Эллисон нет на месте, так что вокруг необычная тишина, и я гляжу на телефон, пытаясь силой воли заставить его зазвонить и отвлечь меня. После пяти минут транса признаю, что абсолютно лишена магических сил, и открываю папку Дот. Я не хочу читать про новую колонку, потому что уже знаю, какая она будет. Все наши ежемесячные колонки одинаковые. «Девичий разговор», «Стильно», «Пижамная вечеринка» — выбираешь знаменитость и задаешь ей дурацкие вопросы. Если бы вы были на необитаемом острове, без какого средства ухода за собой вы бы умерли? Какой модельер лучше всего воплощает ваше чувство стиля? Увлажнитель или лак для ногтей: что важнее для вашего благополучия? Закончите предложение: я чувствовала бы себя голой без…

Большинство этих интервью делаются на расстоянии — через представителя, по телефону, — но мы всегда подаем это так, будто сидим на веранде с Шоном Коннери, глядя, как дельфины играют в море.
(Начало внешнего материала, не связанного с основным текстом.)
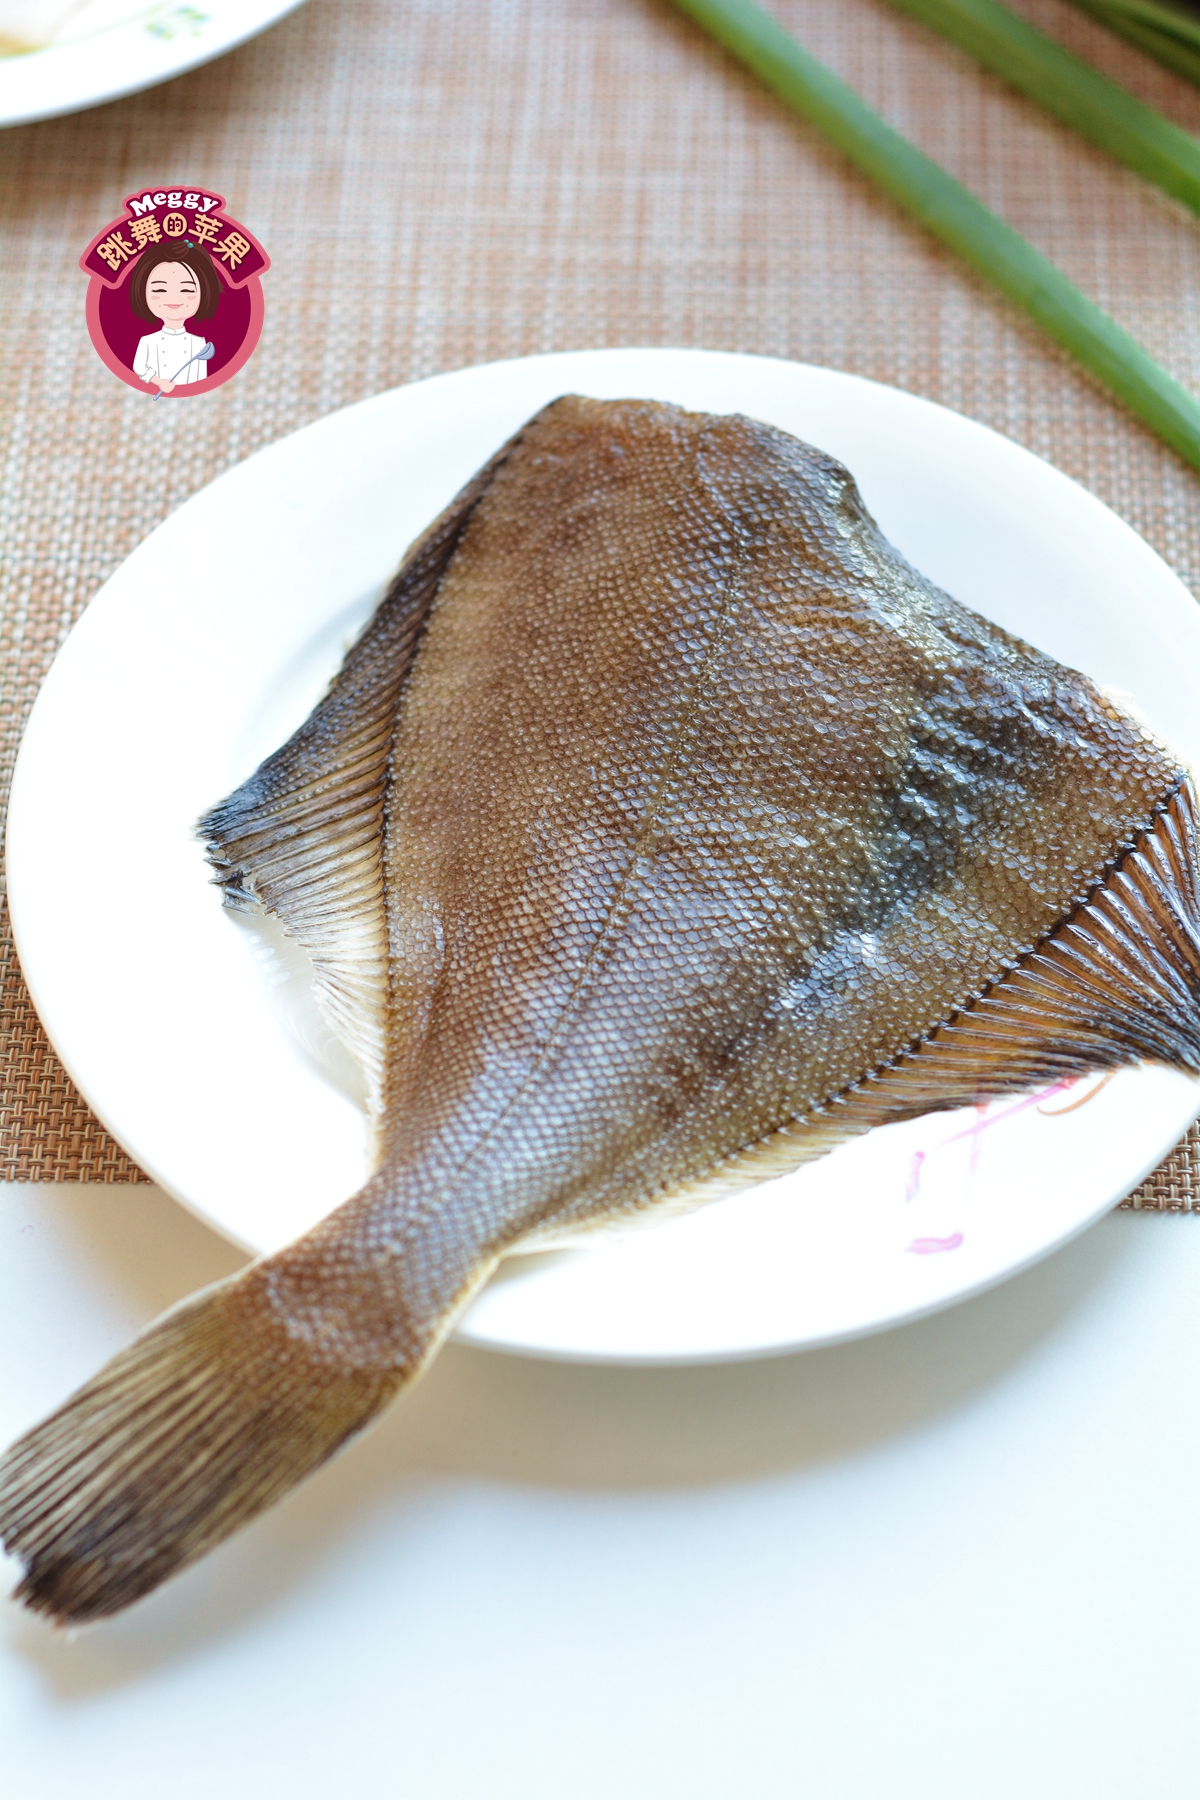 海鱼不煎不炸不用油，8分钟出锅，低脂少盐，鲜嫩肥美真省事

Мы продаем близость, и эксклюзивность, и убеждение, что без нас этого не достичь.

Открываю папку и, не в состоянии больше отвлекаться, читаю материалы для новой колонки. Окна — это только начало. За ними пойдут холодильники (настоящий взгляд изнутри), постели (как у вас постельные дела?) и сады (болезни роста).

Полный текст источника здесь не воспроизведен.